Image Multi-label classification (MLC) datasets are often partially labeled due to expensive annotation costs.

In the context of supervised learning, the lack of known labels raises a significant difficulty for training deep neural network MLC models. Most existing MLC approaches assume that datasets are fully labeled, which limits research on the effective training of MLC models using partially labeled datasets—those more closely aligned with real-world scenarios.

 

This thesis aims to address such issues by developing approaches that can effectively train MLC models with various partially labeled datasets:

(1) The performance of models trained with Assume Negative-based and pseudo-labeling approaches is inevitably harmed by wrong pseudo-labels.

To this end, the proposed post-trained method called Category-wise Fine-Tuning employs clean known labels to fine-tune the logistic regressions of trained models individually to precisely calibrate predictions of each category.

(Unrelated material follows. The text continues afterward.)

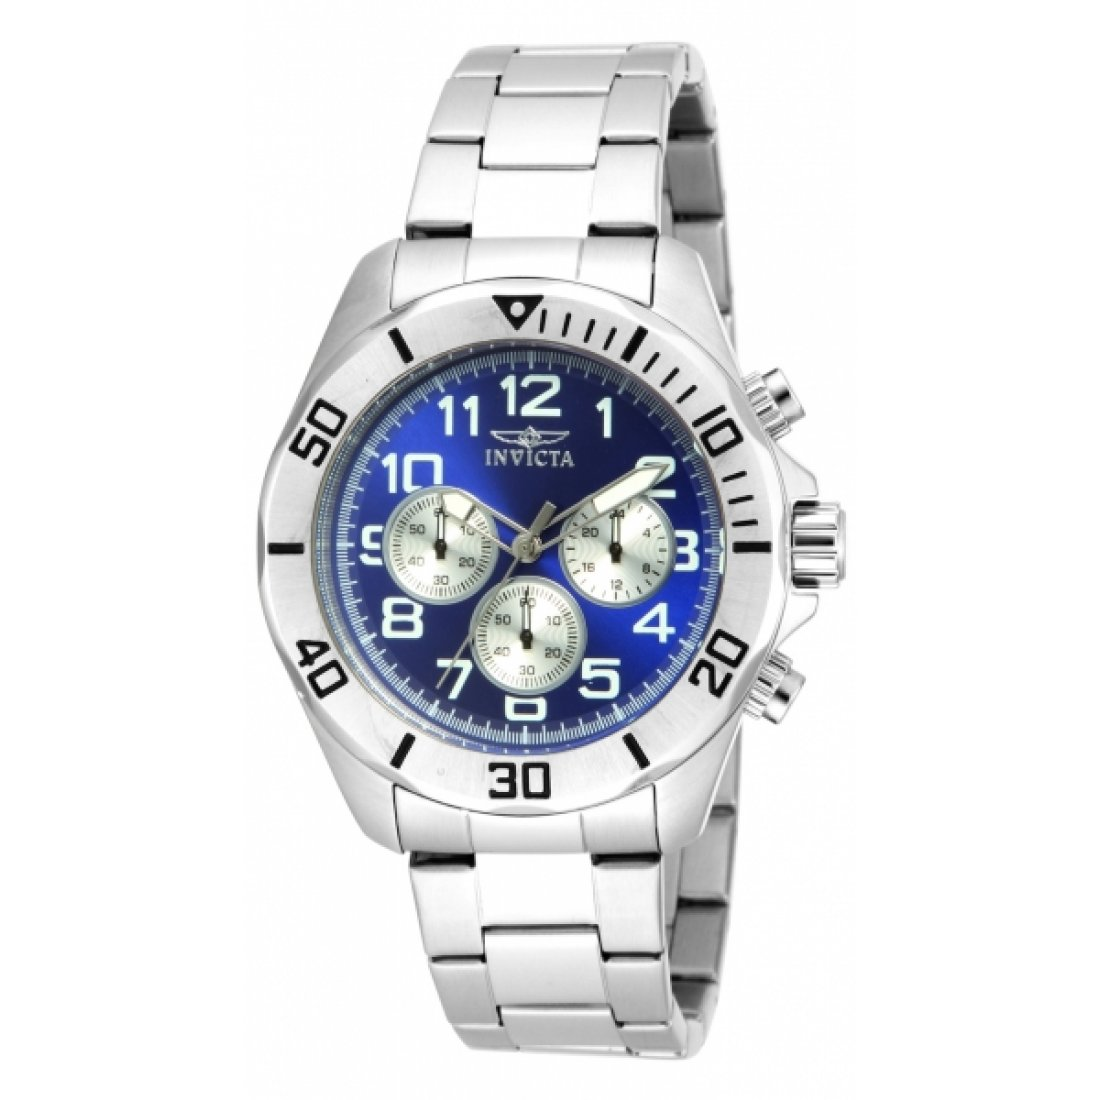 Invicta Pro Diver 17937 Anny van Buul Juweliers Horloges

(2) Existing pseudo-labeling approaches usually produce poorly calibrated models. To this end, the proposed framework called calibration-aware Thresholding-free Pseudo-Labeling produces pseudo-labels based on probabilities calibrated by an interactively learned individual graph neural network calibrator, plus an innovative re-parameterization method to reduce calibration errors without introducing extra inference costs.

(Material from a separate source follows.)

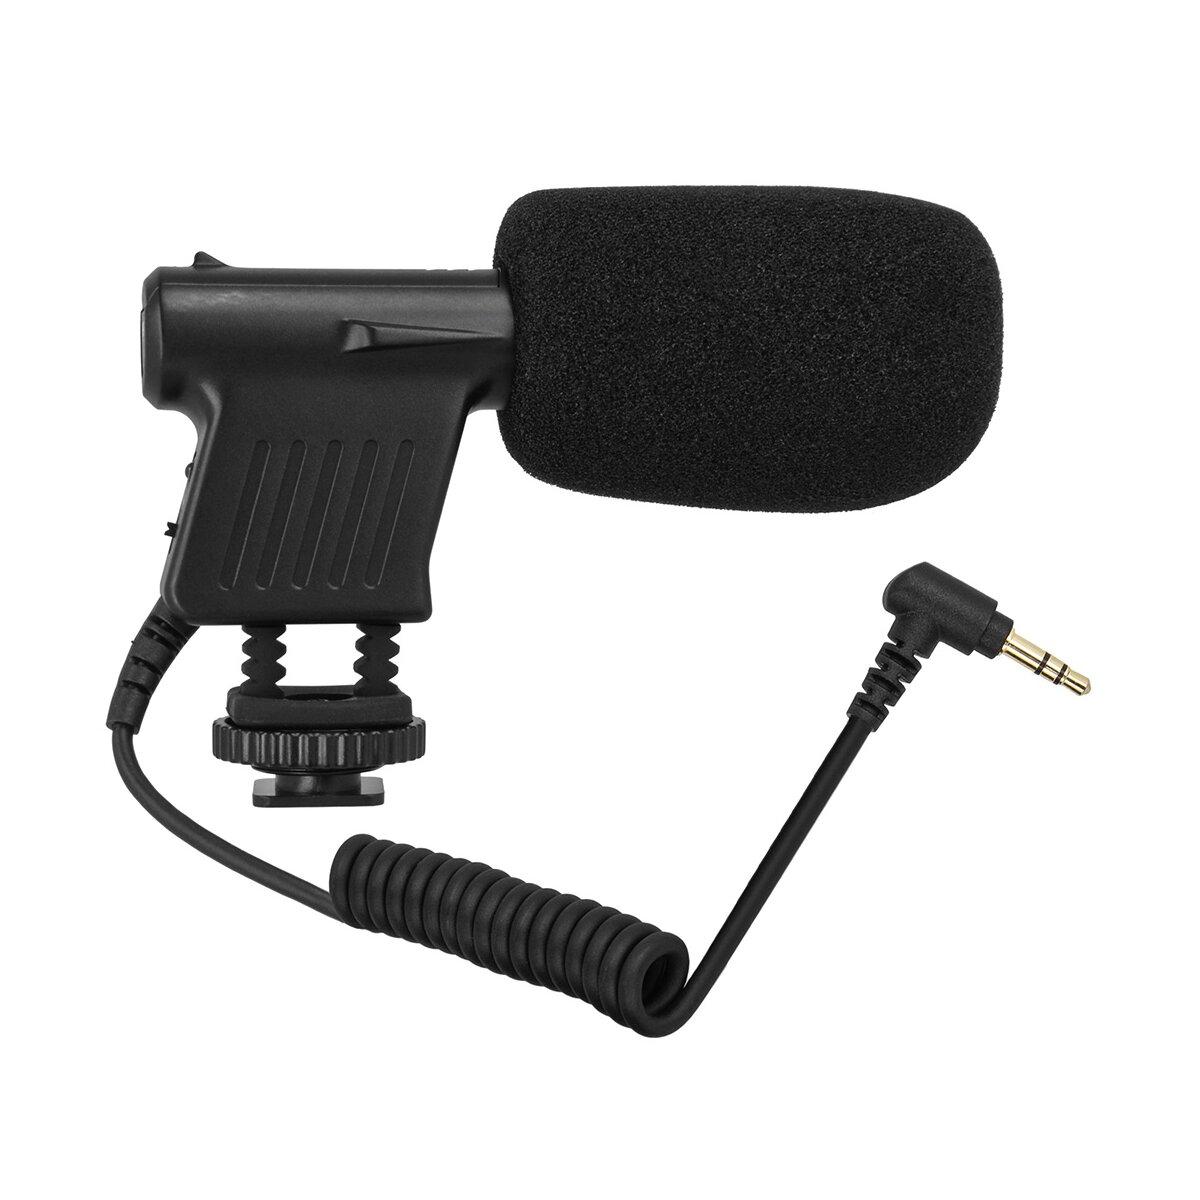 Boya BY-VM01 Richtmikrofon Kondensatormikrofon   für DSLRs DSLMs Camcorder   Supernieren-Charakteristik QUALITATIVE Aufnahmen   PERFEKT geeignet für Tonaufnahmen

(3) Due to the existence of unknown labels, most sample-mixing data augmentation methods cannot be effectively utilized to enlarge the magnitude of training samples to avoid overfitting. To this end, the proposed new method called LogicMix naturally mixes unknown labels by OR's logical equivalences, without replacement with constants.

 

The proposed three approaches are comprehensively evaluated on at least 3 public benchmarking datasets. They present competitive results to other state-of-the-art approaches.

In particular, state-of-the-art performance on 5 datasets is achieved, including CheXpert, MS-COCO, OpenImages-v3, VG-200, and Pascal VOC 2007.